Random acts of the Twitterverse

A visualization of how #GOP spreads across the Twitter network…looks a bit like what I’d imagine “preaching to the choir” might.

Last week a coworker tried to explain the ins and outs of Twitter to me with little success. I get the point, really I do — it’s just that I find the information overload issue impossible to circumnavigate. “You just have to ignore some of it,” she said.

This idea of a finite attention span forms part of the foundation for predicting the spread of ideas on Twitter, according to new research from Northeastern’s Sternberg Family Distinguished Professor, Alessandro Vespignani and his collaborators.

In an article published on the Nature Scientific Reports website last month, Vespignani and his team showed that the social network’s structure, coupled with our limited cognitive capacity, has a larger impact on the spread of ideas than the relative importance of those ideas or the people Tweeting about them.

“Imagine that all the information is equal,” said Vespginani. ” Well, what you’d expect is that the information will be selected equally so that all the messages will have the same lifetime and the same number of users or spectators.” But this is not the case.

The team designed a computational model that mimics the so-called “Twitterverse” based on real-world data from 1.3 million hashtags and 120 million retweets from 12.5 million users. They stripped away all of the external factors, such as mainstream media and world events, that could change the “value” of each Tweet. The model included two assumptions: first, that the network in the virtual Twitterverse looks like the real one and, second, that our attention span is finite (mine is clearly much shorter than the average user, just looking at the feed breaks my brain). The propagation of Tweets across this modeled network matched perfectly with the real world propagation of Tweets.

Visualizations of Tweets related to the Arab Spring and the March 2011 earthquake in Japan

When they changed the parameters, for example by adding relative values to the virtual Tweets or using a random network instead of the social network structure, the model strayed from actual data.

An article on the Atlantic’s technology blog says “the research suggest that it doesn’t fully matter who you are or how many connections you have, but what you’re saying relative to the existing conversation is what really matters in spreading knowledge.” Before talking to Vespignani, I tweeted this (!), but actually it’s kind of wrong. In fact, it doesn’t seem to matter who you are, how many connections you have, or what you’re saying. It’s much more random than any of that.

It’s like a neutral evolution, Vespignani said, wherein something evolves not because it’s better fit to survive, but because of random circumstances. “And in some cases things that are very fit may just disappear.”

That doesn’t mean that information doesn’t have value, he said. “But actually this is a model that tells you you don’t have to invoke those properties to explain what you see in terms of the lifetime of ideas. What we believe is that most of what we see in the social networks in terms of rumors, ideas, or the spreading of knowledge, is due to the stochasticity in social networks.”

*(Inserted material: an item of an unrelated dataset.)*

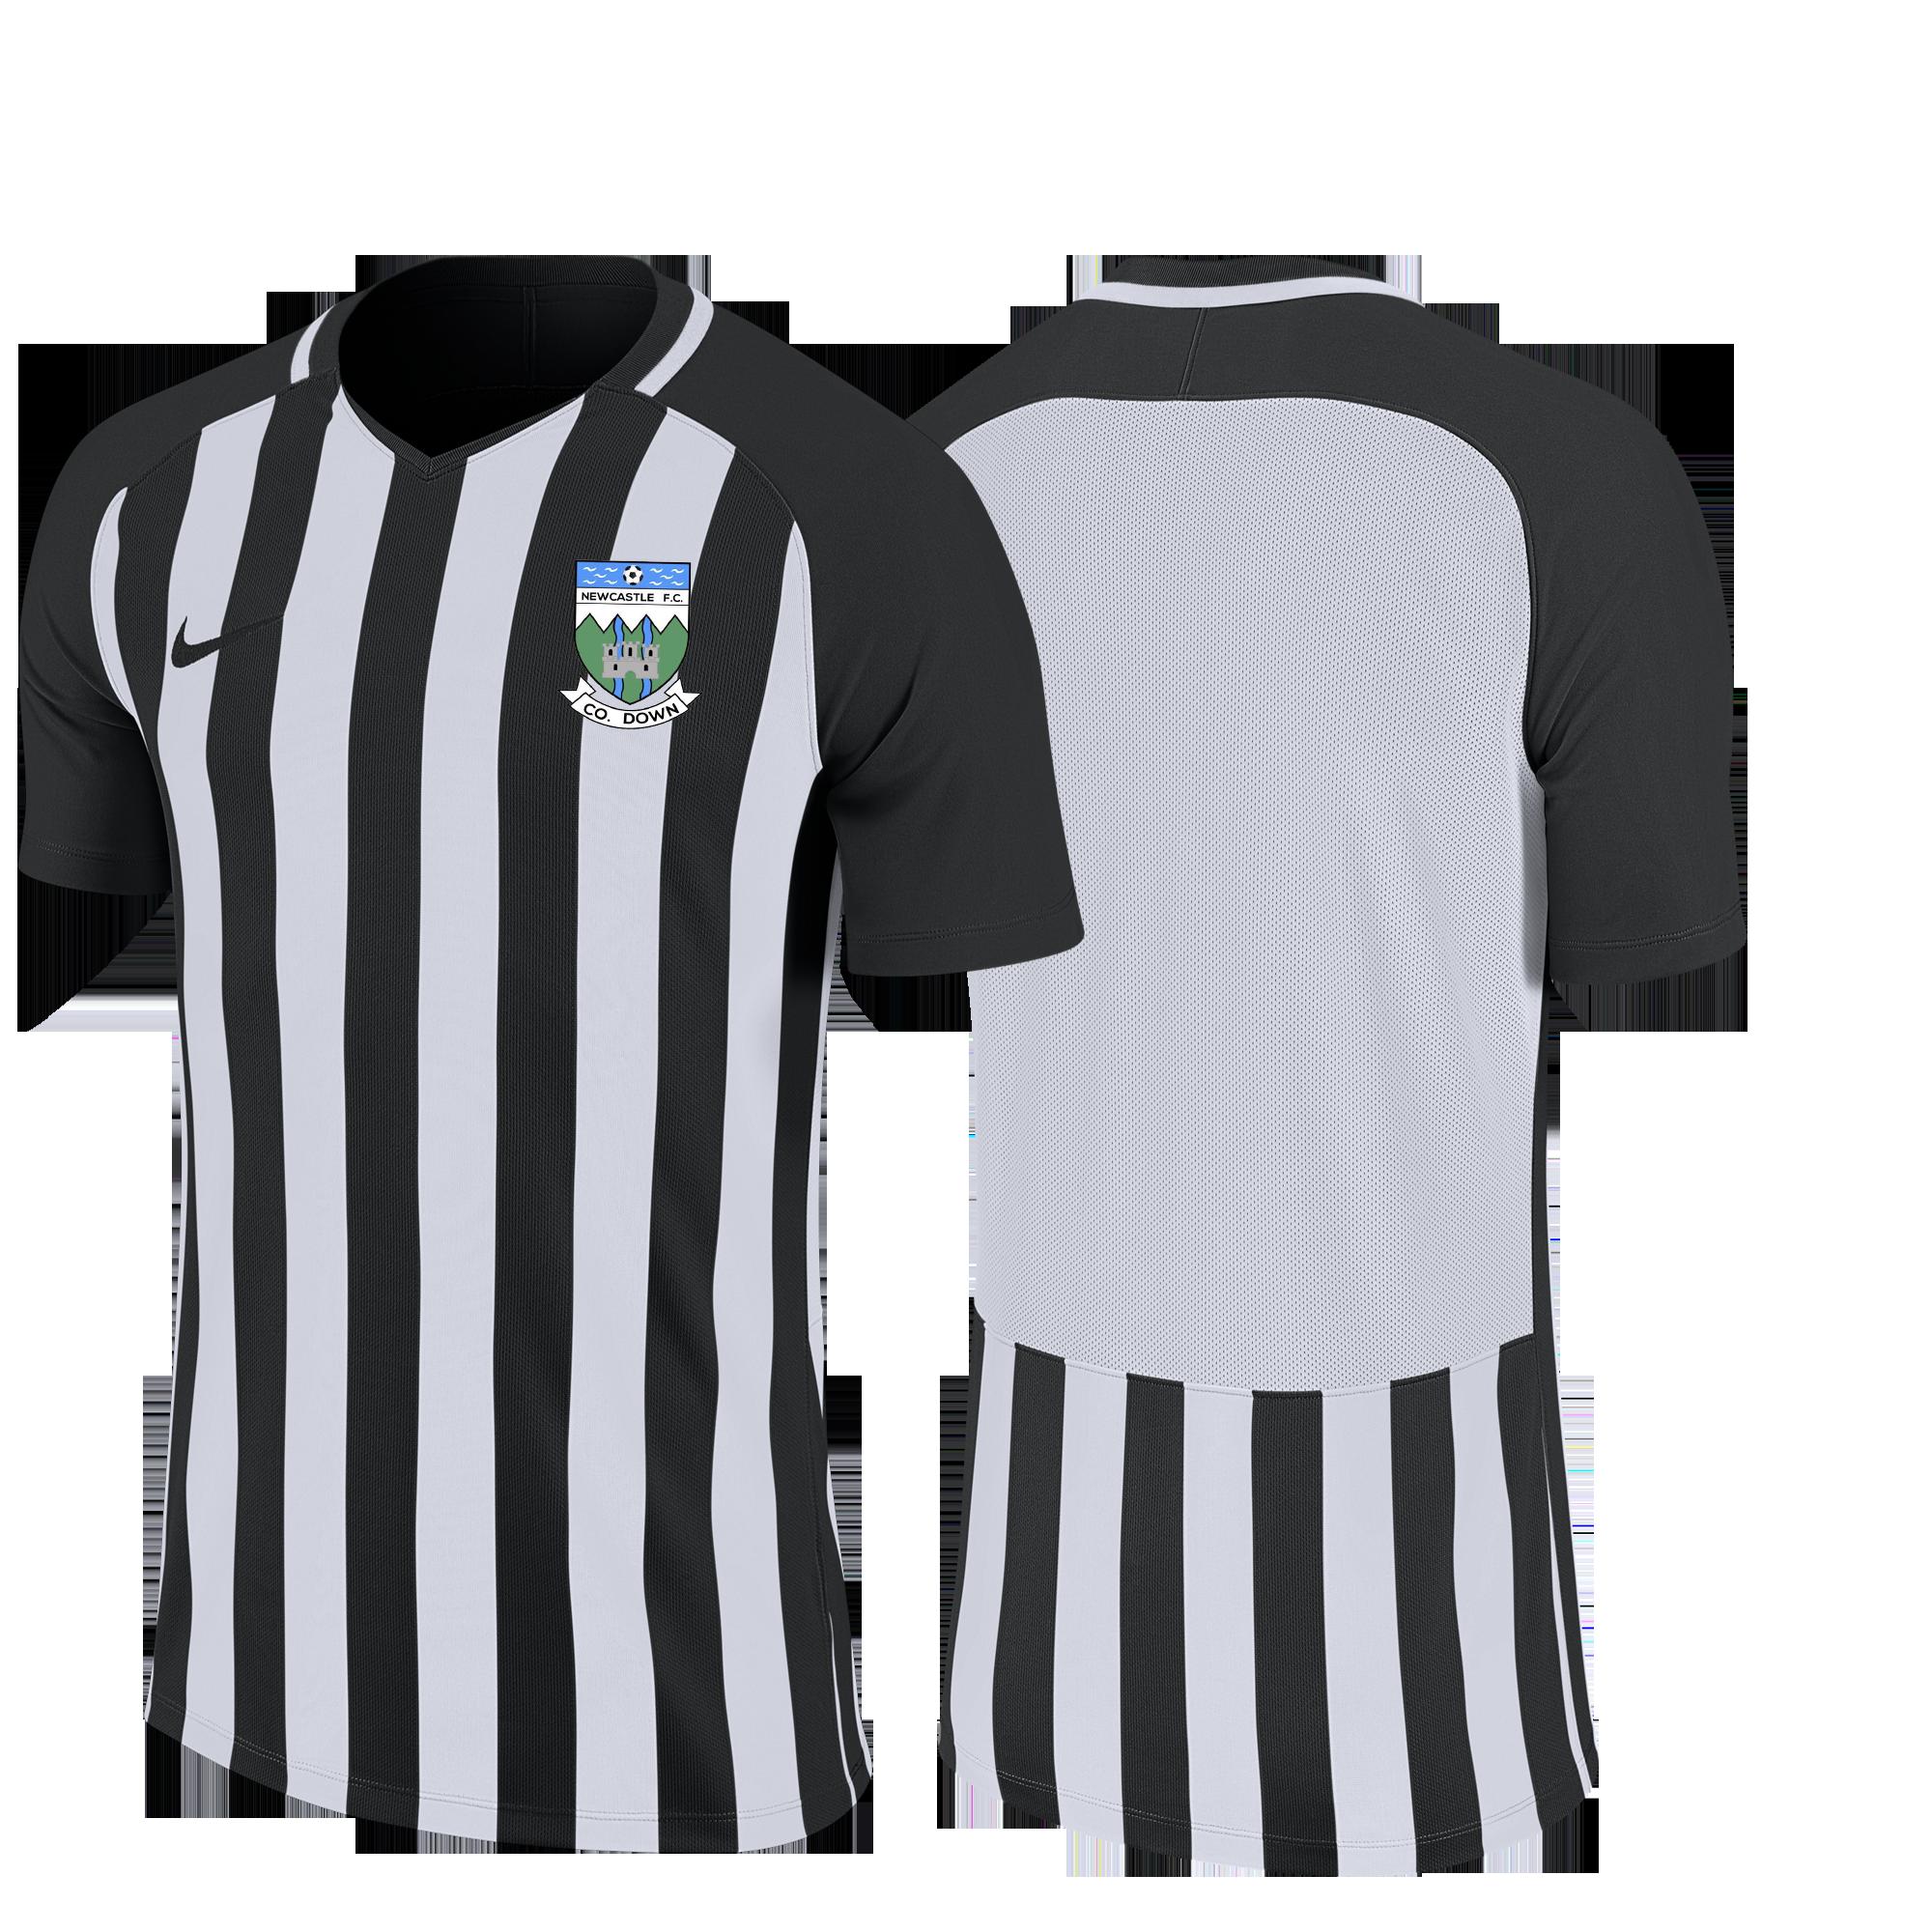 newcastle fc striped division jersey 37668 p

But why do we care about all this in the first place? Vespignani, who is the local PI for a collaborative NSF grant with Indiana University to explore the spread of knowledge, can envision a time when we’ll use the Tweets leading up to events to predict their future occurrence. For example, could we have predicted the Arab spring or the outcome of an election based on what was taking place on Twitter just prior? Vespignani believes yes, once we understand how the system works we will be able to use it to predict outcomes.